5. As another commenter pointed out, you've completely contradicted yourself on this one. Are you for universal coverage then? Great! Except, your other 4 points lead in the opposite direction.

You don't know what it means

You don't know what it means to be underfunded or ineffiecient, because your 'proposal' shows no identifiable way of overcoming either problem. Also, look at your fifth point... come on - do you not see a contradiction here? First you say your against turning it over to that wretched, incompetent government, yet you want to expand current programs?

A program which is underfunded is not a euphemism for being inefficient - it simply means the program is underfunded. The US government has A LOT to account for - nevermind healthcare - like for instance, a war that is still going on in case you've forgotten.

You'll have to enlighten me on how the government is 'one of the most inefficient organizations'. I don't see how or why the private sector is run any better (in fact big businesses use this 'inefficient organization' to lobby for policies they want - makes you think where some problems can occur).

If you've paid any attention to what has happened in the past two years, today included with the insurance industries, you can hardly blame the goverment (again, deregulation has been lobbied for by private power for the last 30 years) - in fact its the government that has to clean up every mess the private sector gets itself into (see Goldman Sachs).
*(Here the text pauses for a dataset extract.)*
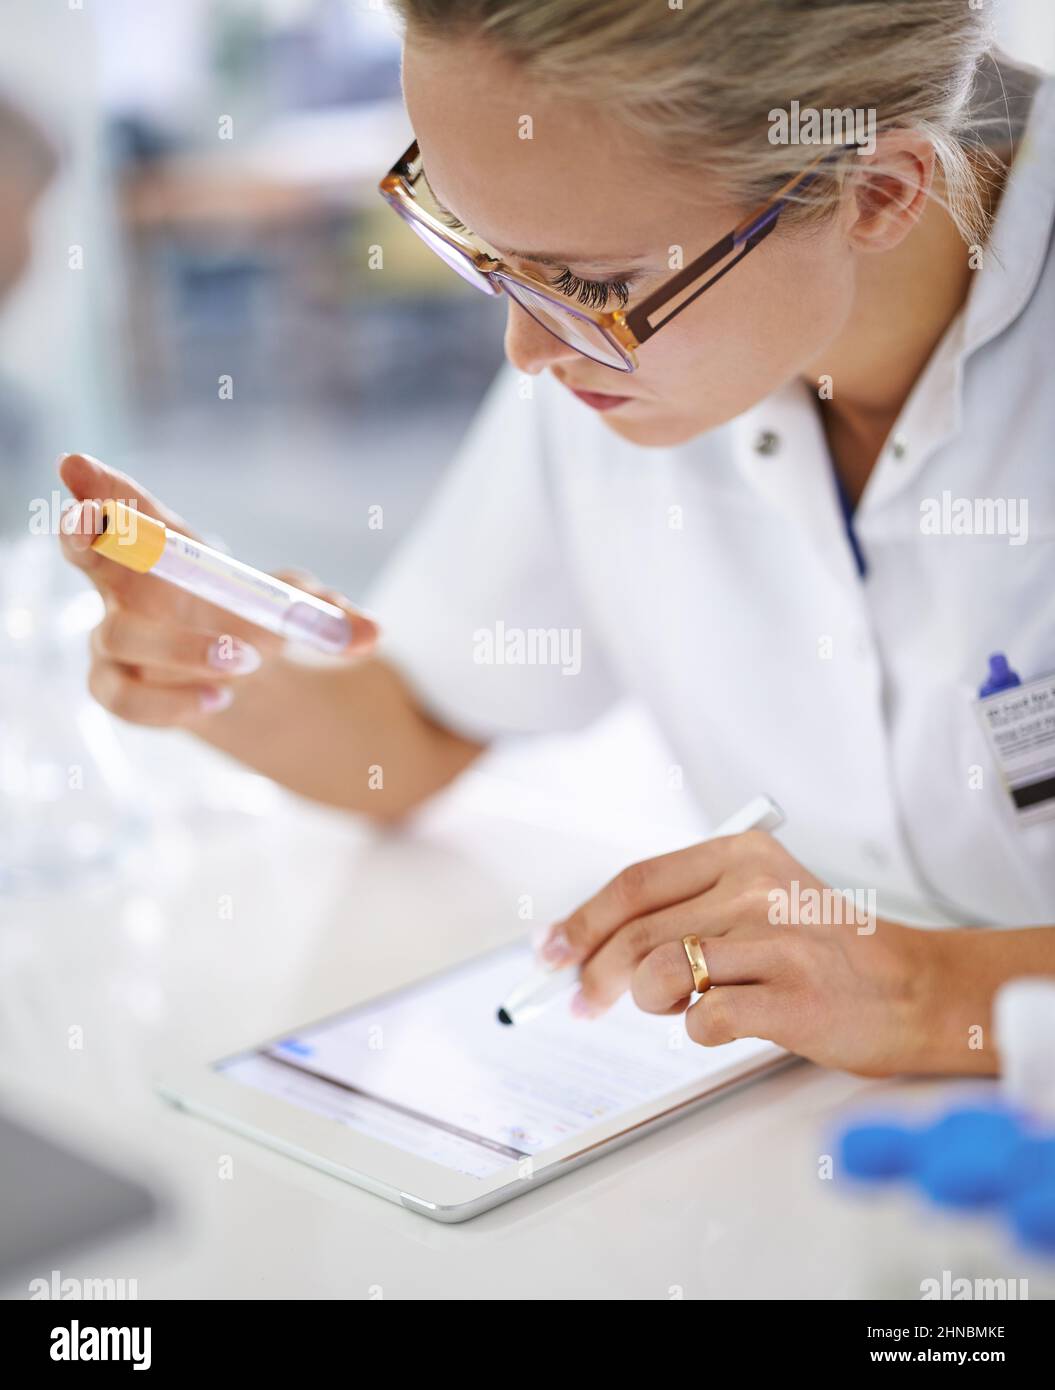 Research and development. A young scientist recording her findings on a tablet. Stock Photo

I think the military and their industrial complex is far more superior than anything the private sector is capable of - the fact that you are reading this is such evidence, as we owe the creation of the internet to 'one of the most inefficient organizations'. I receive my mail everyday except for Sunday - I have no qualms about that - do you not receive it six days a week? If you do, what is so inefficient about that? How would it be even more efficient if, say, it was run by FedEx? Whether its the post office, medicare (surveys indicate those in the program like it, by the way, I doubt you are even eligible), the police department, fire department, sanitation, park districts... I don't see evidence of 'one of the most inefficient organization', rather, when I think about your claim, I see more evidence of someone who doesn't know what they're talking about, but think they do.